Gilbert memimpin di depan didampingi Dayat, sang bapak botak bersinglet. Tiap beberapa jarak, ada tulisan-tulisan yang terukir di dinding.
[Gunakan senjata untuk menghabiskan Hit Point monster]
[Monster dengan nama warna hijau memiliki level lebih rendah darimu]
[Monster dengan nama warna hijau tidak agresif]
Kalimat yang absurd bagi mayoritas orang, sehingga Gilbert berusaha sebisa mungkin untuk menjelaskannya.
Erlangga juga menyampaikan apa yang ia ketahui pada Nabila.
“Bang! Bang!” Tiba-tiba seorang pemuda mendekat. Ia berkulit sawo matang akibat terbakar matahari, yang saking gelapnya membuat tato di lengannya sulit terlihat. Rambutnya dicat kuning, telinganya ditindik. Rompi dan celana jeannya sangat lusuh mengeluarkan aroma tidak sedap. Eksistensi yang biasa disebut masyarakat sebagai anak punk.
“Ya?” jawab Erlangga.
“Lelaki kok pakai pisau dapur?” tanyanya lalu tertawa terbahak-bahak. Ia sendiri membawa—dengan agak diseret—pedang yang bilahnya lumayan panjang. Sejenis greatsword. Kemudian matanya jelalatan pada Nabila. Ia memperhatikan lekuk tubuh gadis itu tanpa sungkan-sungkan. Ia bersiul. “Seksi banget mbak.”
Nabila merasa tidak nyaman. Ia berlindung di balik Erlangga, sementara Erlangga tiba-tiba menghantam d**a si anak punk dengan dadanya sendiri. Si anak punk terdorong mundur.
“Yang sopan ya!” hardiknya.
“Jangan sok keras!” Si anak punk melotot. “Kan si mbaknya sendiri yang pakai baju seksi gitu, kalau bukan buat dilihat terus buat apa?”
“Kata siapa?! Kita kan ke sininya ngedadak! Itu bapak-bapak juga cuma pakai singlet!” Erlangga emosi. Dayat menoleh merasa terpanggil.
Memang, tidak ada yang tahu kalau mereka akan dibawa ke tempat ini. Semua cuma mengenakan apa yang menempel di badan saat perpindahan terjadi.
“Udah, udah,” Nabila menepuk bahu Erlangga. Masalahnya si anak punk makin cari gara-gara.
“Oh, emangnya tadi kalian mau ngapain sebelum dibawa ke sini, Bang?”
“Bukan urusan lu!”
Si anak punk mencengkram gagang pedangnya erat-erat. Ia hendak mengayun, tapi karena terlalu berat, ia jadi limbung. Melihat gestur tersebut, Erlangga pun bereaksi. Ia menekan leher si anak punk dengan siku tangannya hingga membentur dinding. Si anak punk berteriak memekik.

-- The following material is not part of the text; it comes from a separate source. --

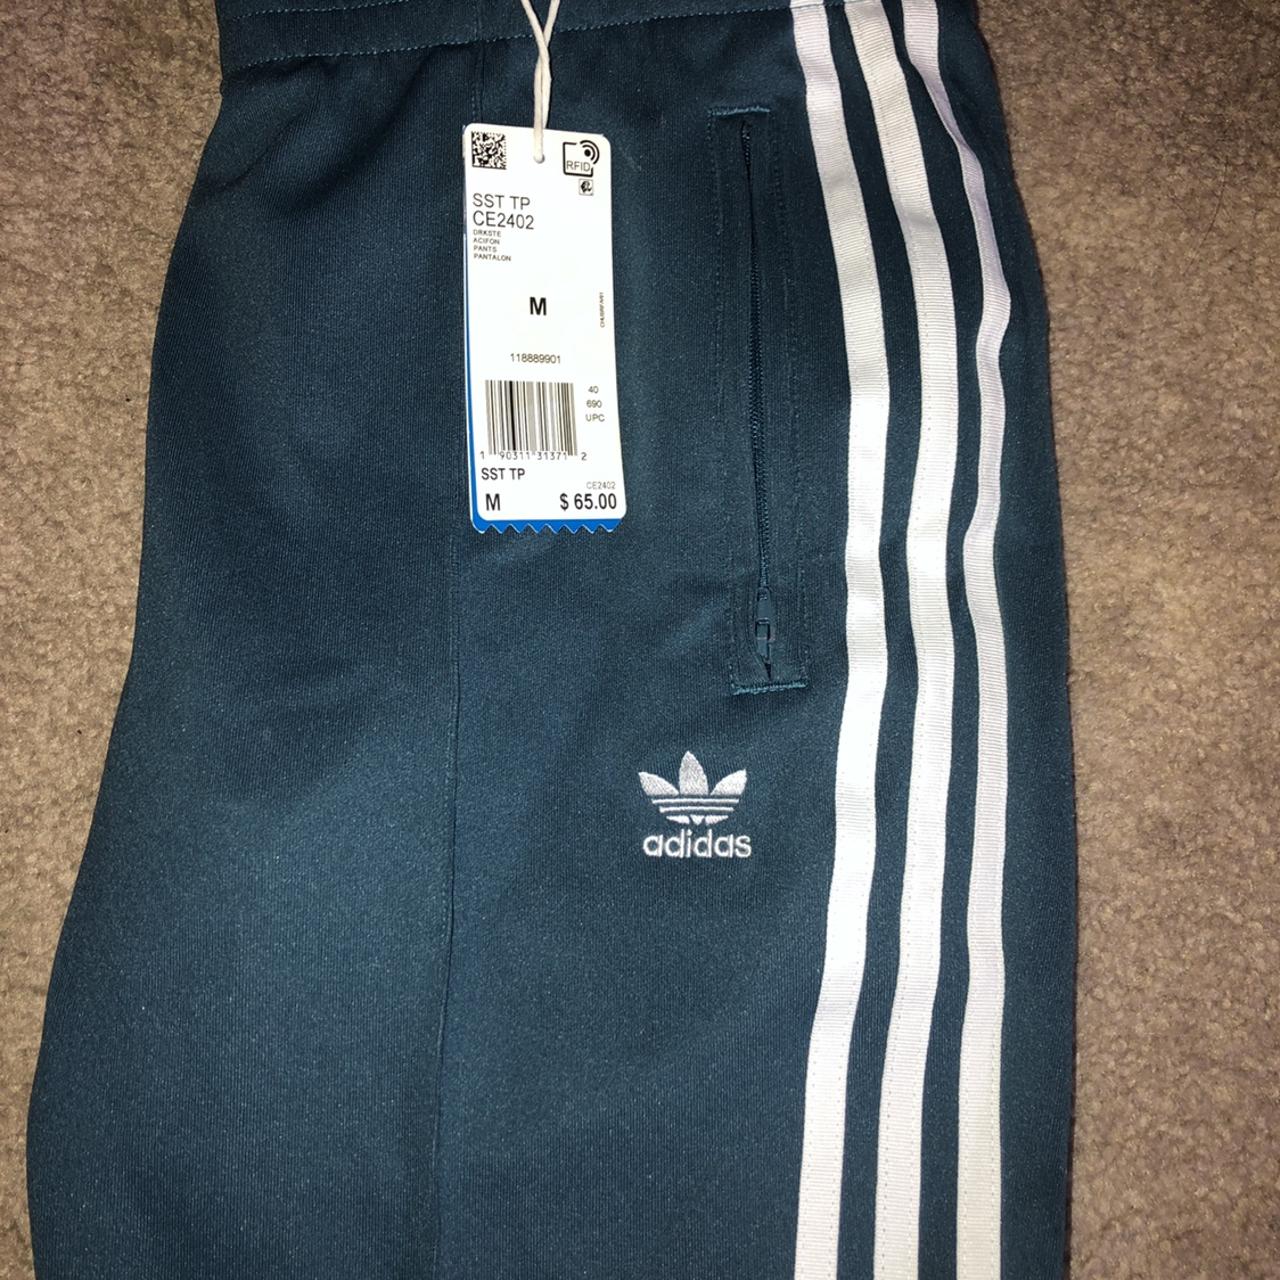 New with tags adidas pants. Teal, -

Keributan itu lekas mengundang perhatian. Gilbert dan Dayat mendekati mereka.
“Ada apa ini?” tegur Dayat.
“Dia—nyerang—saya Pak!” seru si anak punk seraya berusaha membebaskan diri.
“Dia duluan!” balas Erlangga. “Ganggun tunangan saya!”
“Sudah jangan berkelahi, Bang,” lerai Gilbert. “Kita harusnya kerja sama.”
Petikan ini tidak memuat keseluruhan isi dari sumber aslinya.